FAA shutdown complicated by debt negotiations

The struggle to reach a debt deal is hindering efforts to end the partial shutdown of the Federal Aviation Administration, which dragged into its fifth day Wednesday in a partisan standoff between the Democratic-controlled Senate and the Republican-controlled House.

Senate Majority Leader Harry Reid, D-Nev., hasn't taken steps to force a vote on a bill that's necessary to restore the agency's operating authority in part because he doesn't want to tie up the Senate in what could be a time-consuming fight, a leadership aide said. Reid wants to keep the Senate's agenda clear for a quick vote if negotiators settle on a debt deal, said the aide, who asked not to be named because he wasn't authorized to speak publicly.

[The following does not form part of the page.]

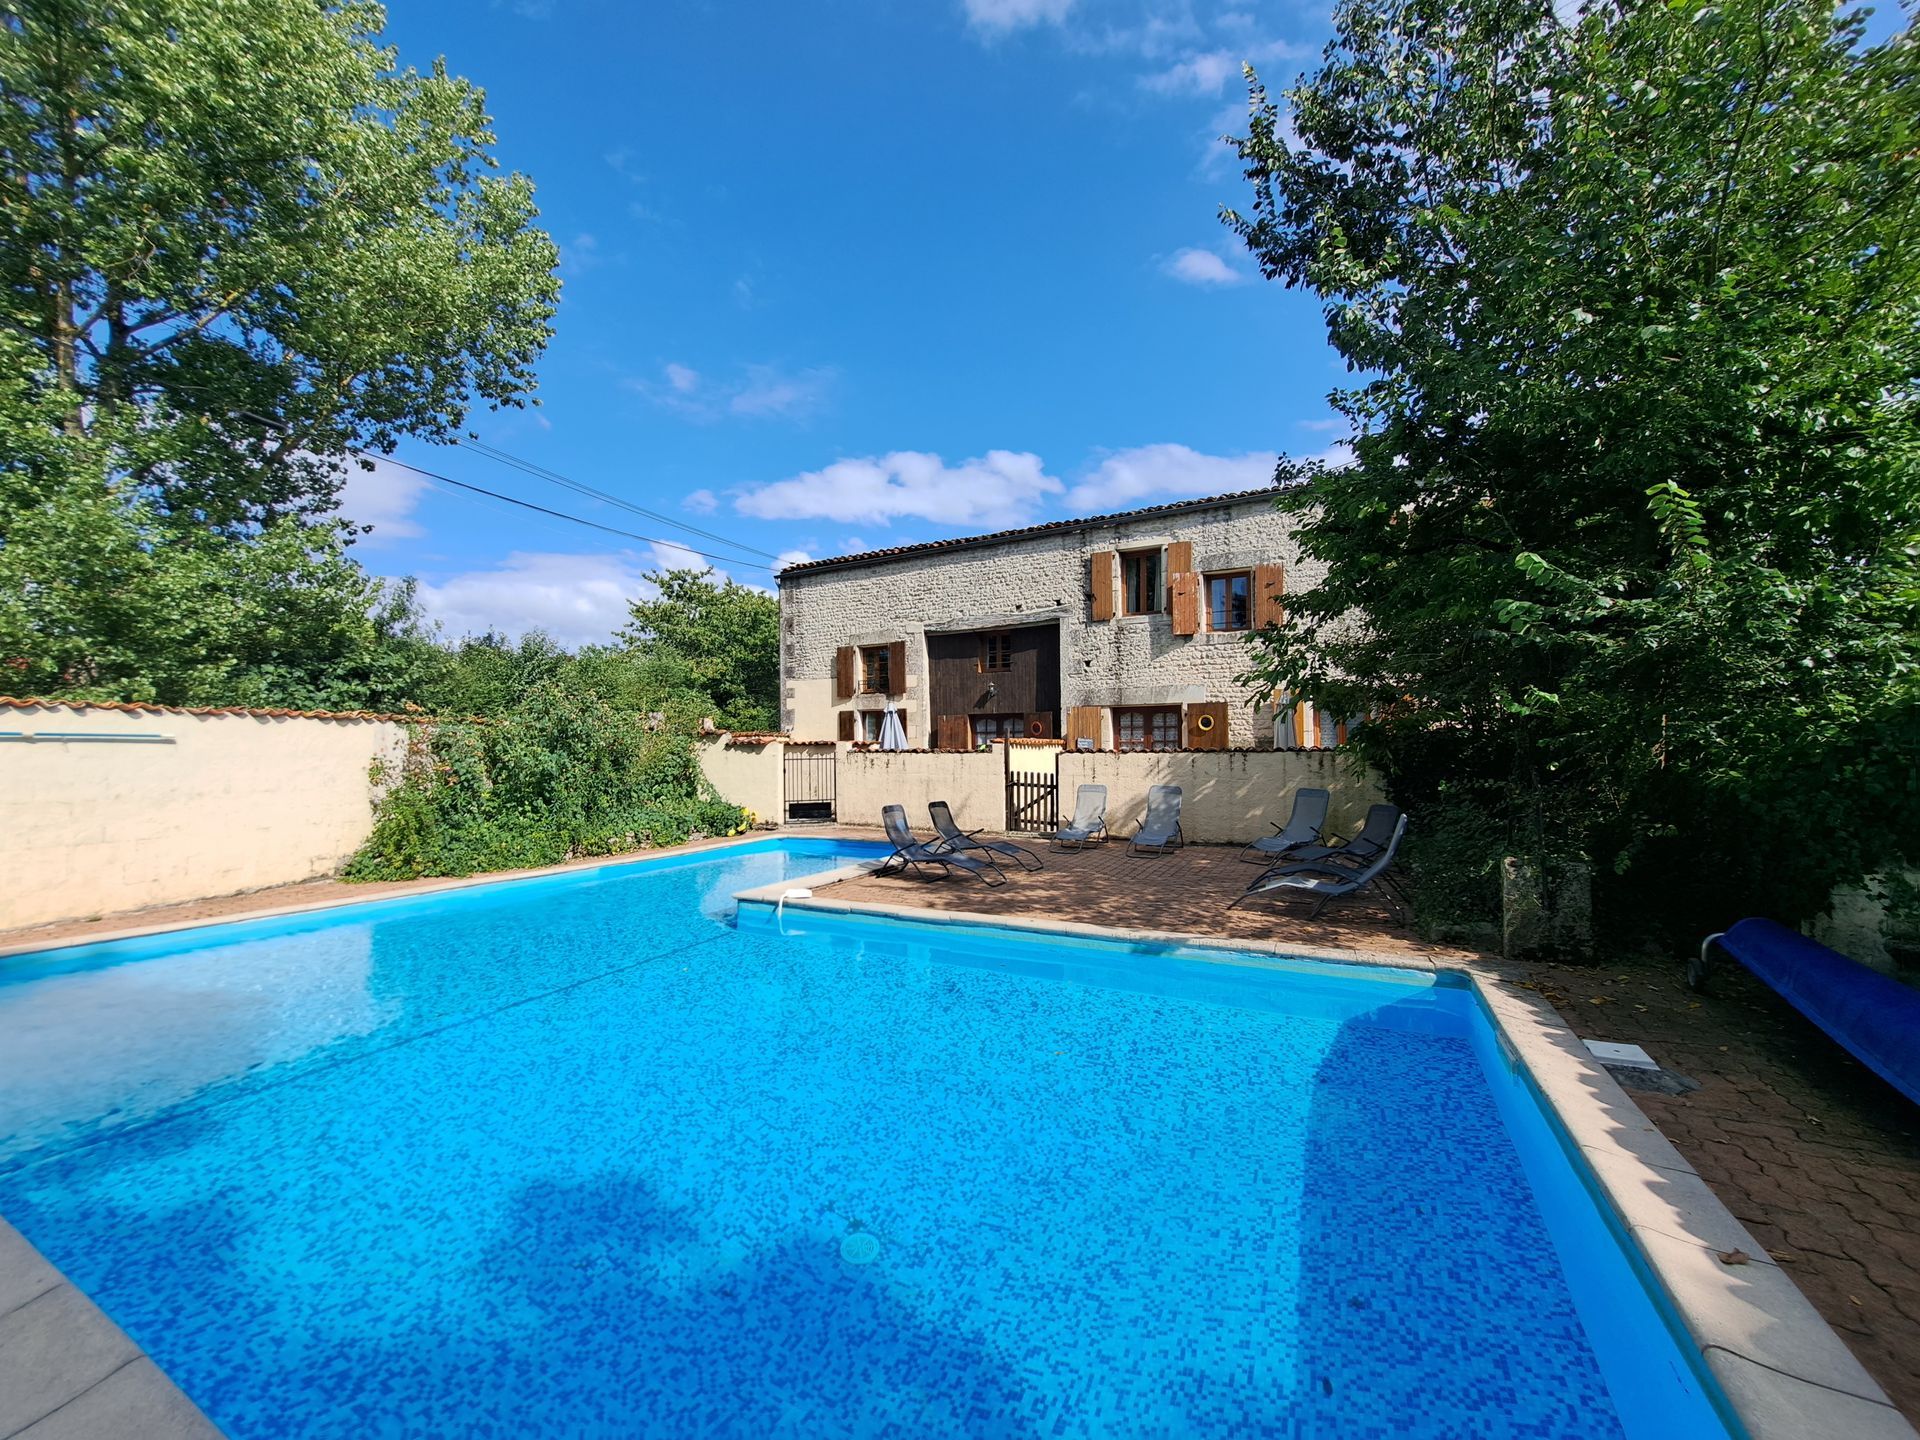 L shaped swimming pool with stone cottage

Democrats also aren't hurrying to force passage of an FAA bill because they expect House Republicans to reject it, the aide said.

The FAA's operating authority expired at midnight on Friday, forcing the furlough of nearly 4,000 employees. Stop-work orders have been issued for more than 150 airport construction projects across the country. About $2.5 billion in grants are being held up because employees who process them have been furloughed.

Sen. Jay Rockefeller, D-W.Va., chairman of the Senate committee that oversees the FAA, blamed a single air carrier — Delta Air Lines — for the shutdown. He said House Republicans were doing Delta's bidding when they sent the Senate a bill last week to extend FAA's operating authority that they knew Democrats would reject because it contained a provision eliminating $16.5 million in air subsidies to rural communities.

The underlying issue, Rockefeller said in a speech to the Senate, is a GOP effort to get Democrats to accept a labor provision in a long-term funding bill for the FAA that primarily benefits Delta. The bill was passed by the House in April. The Senate passed its own funding bill in February without the labor provision.

The labor provision would overturn a National Mediation Board rule approved last year that allows airline and railroad employees to form a union by a simple majority of those voting. Under the old rule, workers who didn't vote were treated as "no" votes.

Republicans complain that the new rule reverses 75 years of precedent to favor labor unions. Democrats and union officials say the change puts airline and railroad elections under the same democratic rules required for unionizing all other companies.

The White House warned in March that President Barack Obama might veto the bill does not include the new rule.

Delta is the only major carrier that is primarily nonunion.

"I wish I understood why the policy objections of one company — Delta Air Lines — mattered so much to so few and also mattered so much more than the livelihood of thousands of American workers who have been or will shortly be furloughed," Rockefeller said.

Delta spokeswoman Gina Laughlin declined to comment directly on Rockefeller's charge.

"Delta appreciates the service of Senator Rockefeller and remains hopeful that he can lead the Senate to work out its differences with the House and reach agreement on a long-term FAA reauthorization," Laughlin said in an email.

Justin Harclerode, a spokesman for the House Transportation and Infrastructure Committee, said that "while it's true the House is interested in ensuring a balanced unionization process, as well as concluding negotiations on the other unresolved issues in the long-term FAA bill, the claim that Republicans are simply doing the bidding of one entity is simply untrue."